* What is needed:
Please say how many lines in the entries below hold the string "dress", with no other words.

* Material for the task:
-------

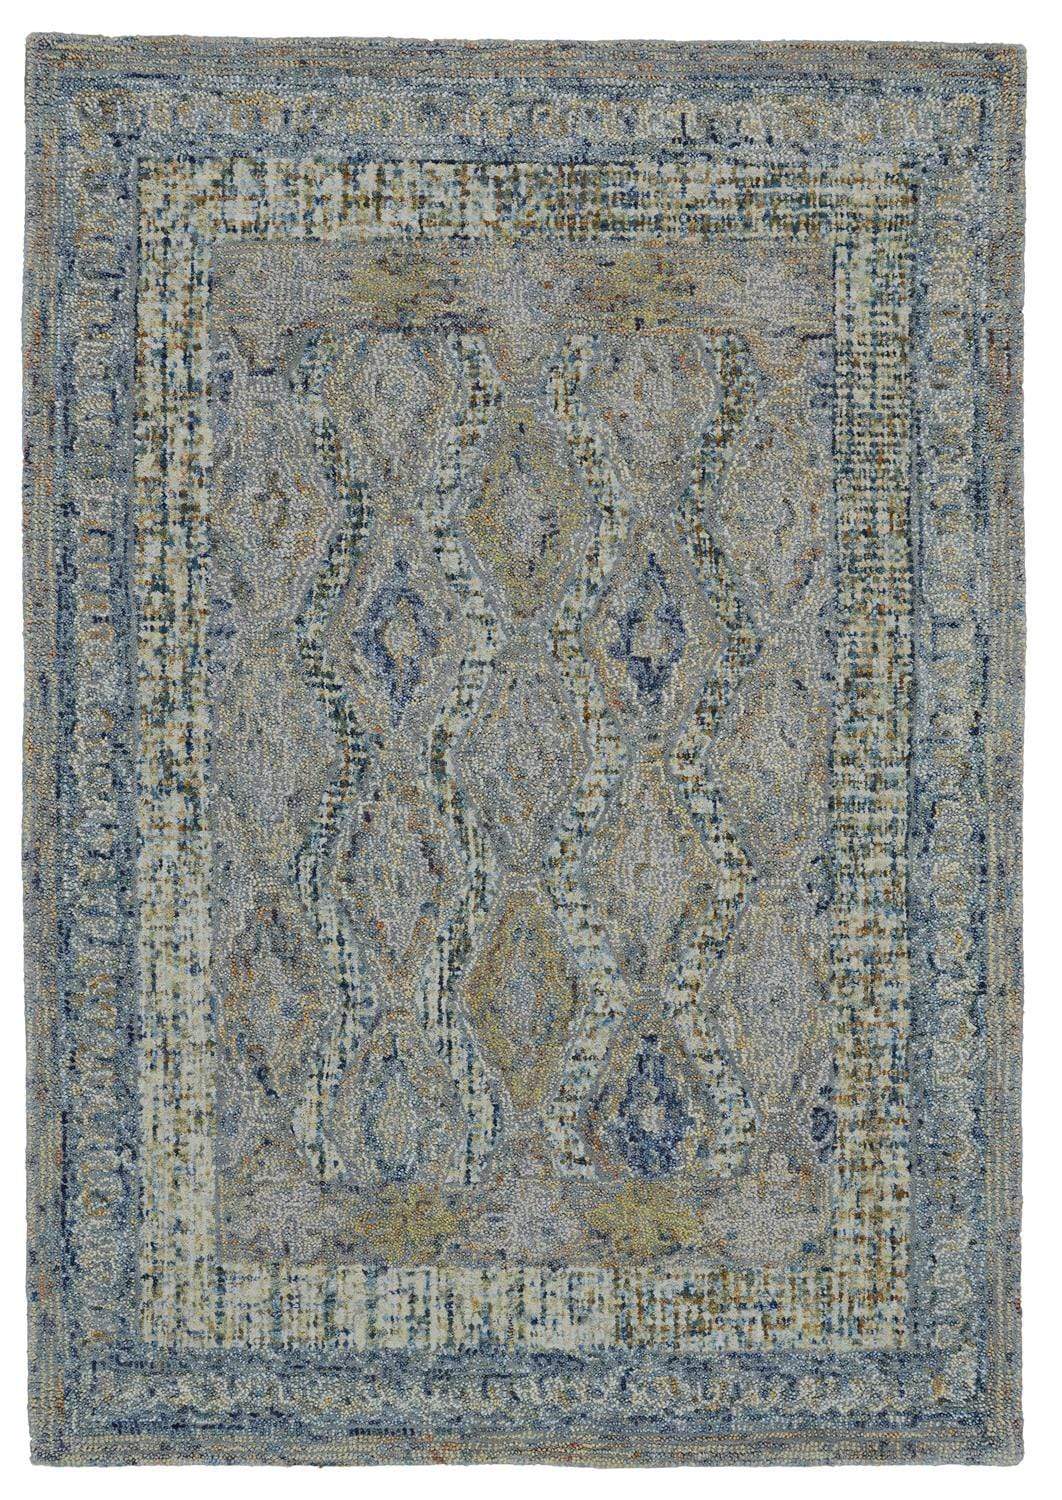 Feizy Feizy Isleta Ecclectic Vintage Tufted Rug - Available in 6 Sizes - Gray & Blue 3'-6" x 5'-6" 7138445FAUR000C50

-------

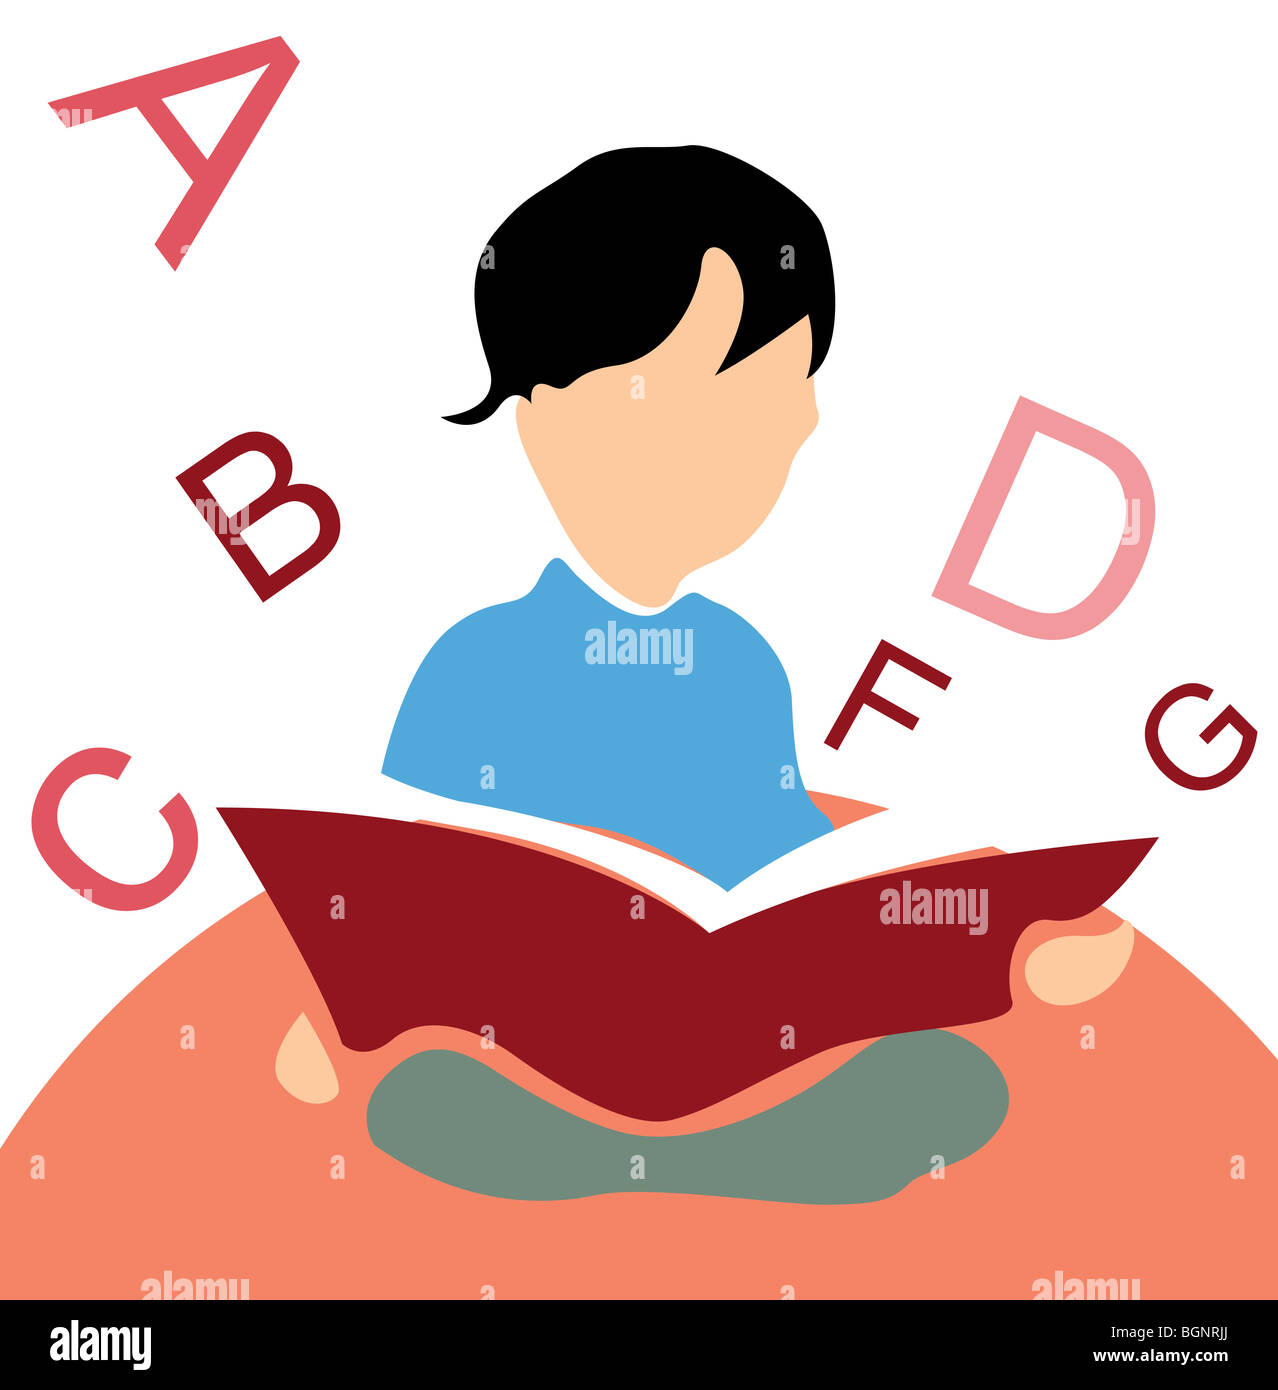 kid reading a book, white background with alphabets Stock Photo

-------

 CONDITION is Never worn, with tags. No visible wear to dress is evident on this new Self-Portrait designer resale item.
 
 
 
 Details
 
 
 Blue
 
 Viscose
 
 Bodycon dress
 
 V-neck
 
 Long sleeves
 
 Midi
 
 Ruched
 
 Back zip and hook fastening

-------

* Response for this exercise:
2